Burada görüldüğü gibi, DapL'leri eksprese eden AOH1 mutantı, Dap lyse yolunda THDP'yi LLDap'e dönüştürerek LLDap içermeyen ortamda büyüyebilir. MurE enzimi, gram negatif bakterilerin peptidoglikanına m-DAP eklenmesini kolaylaştırır. E.coli MurE mutantı, TKL-11, 42 santigrat derecede büyüyemez.
Bu deneyde, sadece MurE ile dönüştürülen TKL-11 hücreleri 42 santigrat derecede büyür. TyrB genindeki bir mutasyon, tirozin ve fenilalanin sentezini engeller. Bununla birlikte, burada gösterildiği gibi, TyrB mutant DL39 suşu, A.thaliana At5g36160 genini eksprese ettiğinde, tirozin ve fenilalanin içermeyen M9 ortamında büyür ve enzimin tirozin sentezleyebileceğini gösterir.
Novosphingobium türündeki Hx699 mutantı, işlevsel olmayan bir RSH proteini barındırır ve hipomukoidal fenotip üretir.
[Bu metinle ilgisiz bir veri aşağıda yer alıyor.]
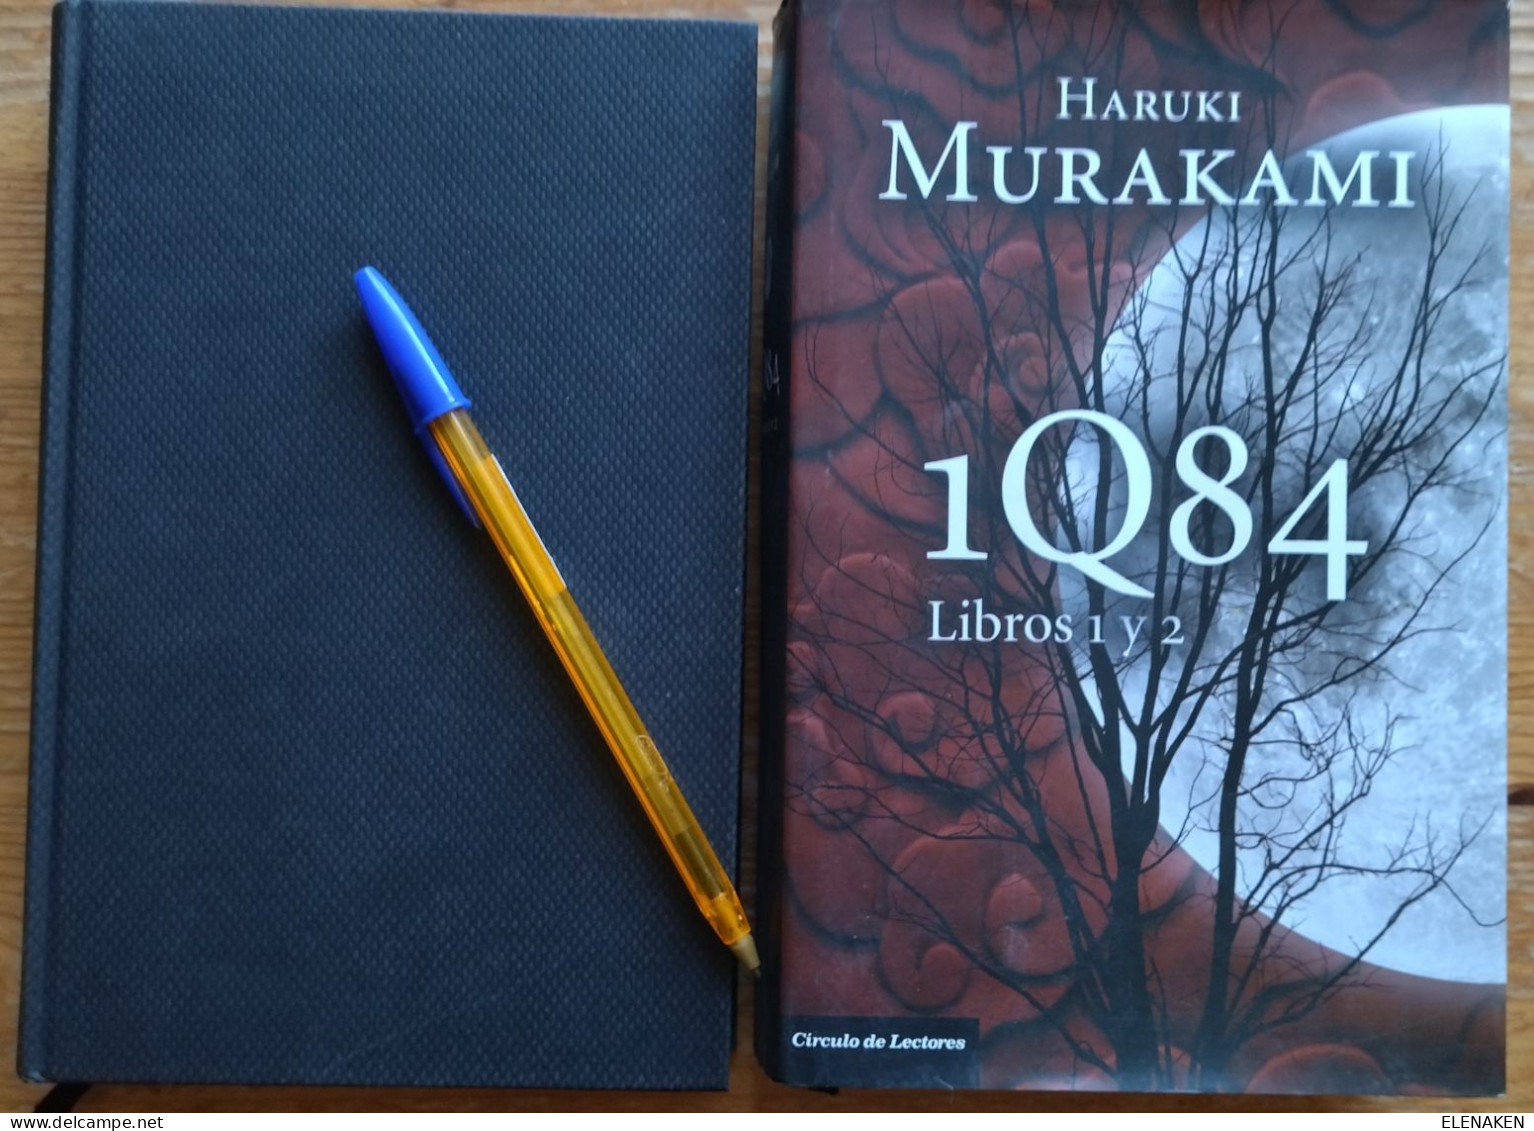 3 LIBROS Título:1Q84.  Autor:Murakami, Haruki  CIRCULO LECTORES   Año:2011  Género:Novela Japonesa Siglo XX  Páginas:874 - Cultural

Bununla birlikte, doğal RSH geni ile transformasyon, hipermukoidal olan çok hücreli X çizgisinde daha çözünür hücre dışı polisakkaritler üretir. Buna karşılık, Hx699 mutantı boş bir vektörle dönüştürüldüğünde, hipomukoidal bir fenotip üretir.
Bir kez ustalaştıktan sonra, bu teknik yaklaşık 24 ila 48 saat içinde yapılabilir. Düzgün bir şekilde gerçekleştirildiği takdirde, kullanılan model organizmanın büyümesine bağlı olarak, klonlama hariç, hazırlama ve dönüştürme adımlarının yetkinliğidir. Bu prosedürü denerken, fonksiyonel tamamlama analizinde kullanılan mutantların büyüme koşulu gereksinimlerini hatırlamak önemlidir.
Bu prosedürü takiben, substrat özgüllüğü, sıcaklık ve pH optimumu ve somatik hız oranları vb. gibi ek soruları yanıtlamak için geleneksel in vitro aksiyomatik karakterizasyonlar gibi diğer yöntemler gerçekleştirilebilir. Geliştirildikten sonra, bu teknik, biyoloji alanındaki ve mikrobiyoloji gibi birçok alt bölüm alanındaki araştırmacıların, çeşitli organizmalardan elde edilen enzimlerin in vivo işlevini veya rolünü aydınlatmanın yolunu açmaktadır. Bu videoyu izledikten sonra, elektrokompetan bakteri hücrelerinin nasıl yapılacağını, elektroporasyon kullanılarak bakterilerin nasıl dönüştürüleceğini ve fonksiyonel tamamlama kullanılarak genlerin/enzimlerin işlevinin nasıl değerlendirileceğini iyi anlamış olmalısınız.
Patojen organizmalarla çalışmanın son derece tehlikeli olabileceğini ve gerekli önlemlerin alınması gerektiğini unutmayın.
View the full transcript and gain access to thousands of scientific videos
Bu çalışma, biyokimyasal yollardaki enzimatik aktiviteleri doğrulamak için Fonksiyonel Tamamlayıcı Analiz (FCA) tahlili gösterir. Amino asit metabolizması, bakteriyel strikt yanıt ve peptidoglikan biyosentezi ile ilgili enzimlere odaklanır.